También comentaba su deseo de seleccionar las canciones que mejor representaran ese proyecto, algo así como “Arturo Castillo canta a Canarias, Venezuela y Cuba”, con obras de Manuel Hernández “El Volquete”. Que el resultado final sirviera como un puente entre los dos pueblos: el que lo vio nacer y el que lo acogió como un hijo, dándole trabajo, pan y bienestar.

Decía que lo demás lo pondríamos nosotros, pero que podía ser una historia bonita, con la idea de dejar parte de su legado musical en manos de otros.
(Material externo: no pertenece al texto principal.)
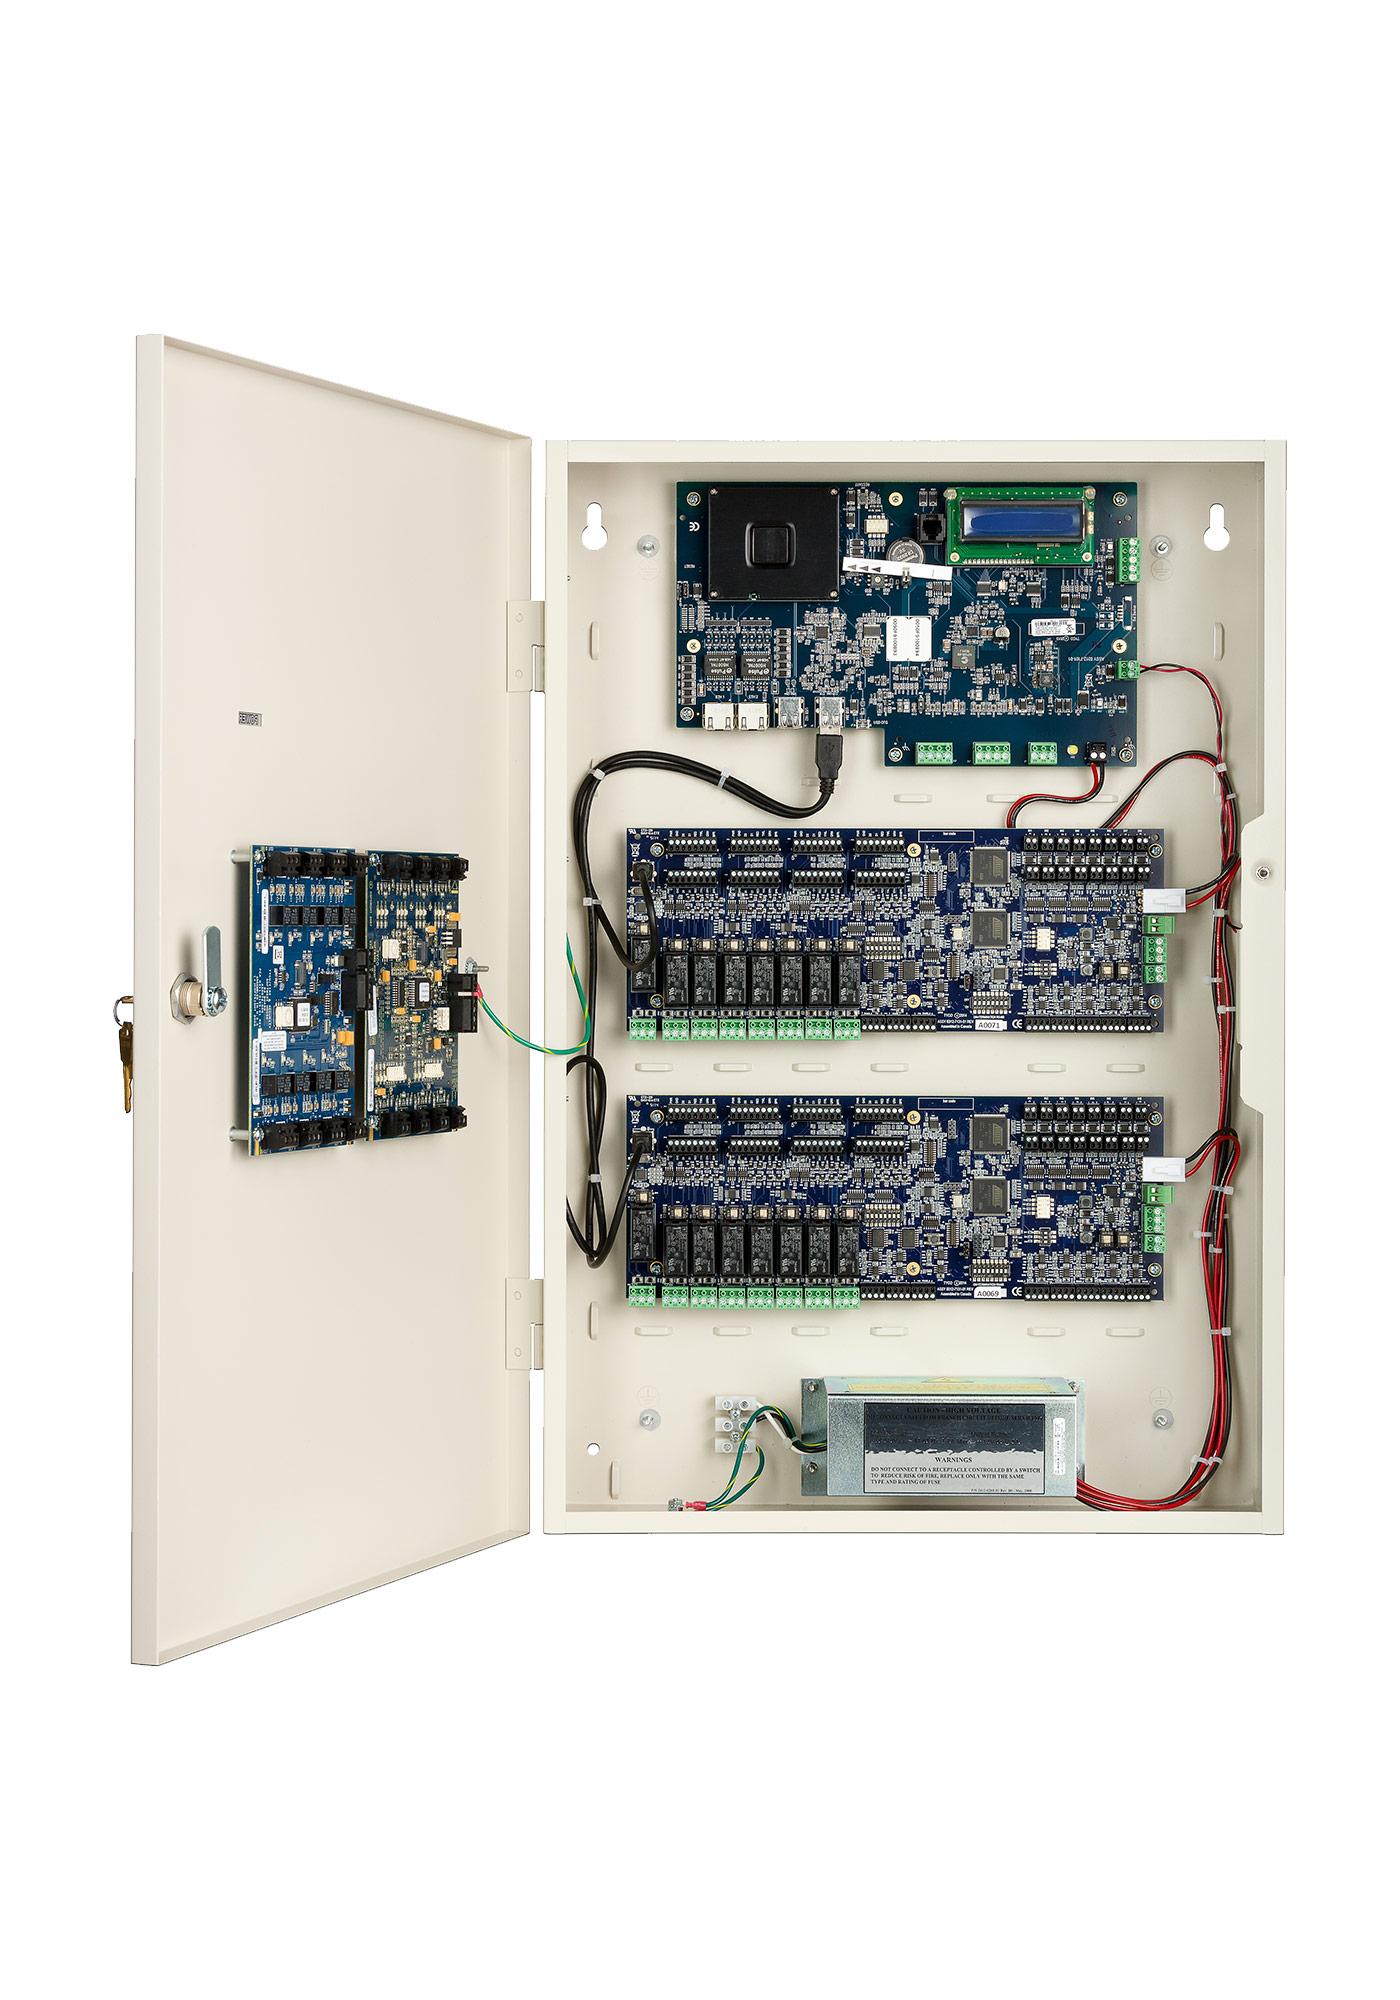 istar-ultra-se-open-boards_p3_01_na_w.jpg Acm Wiring Diagram on

Desde El Junquito, en Caracas, enviaba siempre un fuerte abrazo, de esos que nacen del alma.

Y añadía algo importante: que también sería una forma de reclamo a las autoridades y a los responsables culturales de Los Realejos, del Puerto de la Cruz, de Venezuela y del Gobierno de Canarias en general. Porque nació en Los Realejos, creció en el Puerto de la Cruz, y hoy vive en Venezuela, país que lo acogió, le dio trabajo, bienestar, donde se casó y donde nacieron sus hijos, nietos y bisnietos.

Ojalá algún día reciba el reconocimiento que merece. Mejor ahora que mañana.

Un abrazo, estimado Manuel “El Volquete”, desde Canarias hasta El Junquito, Caracas.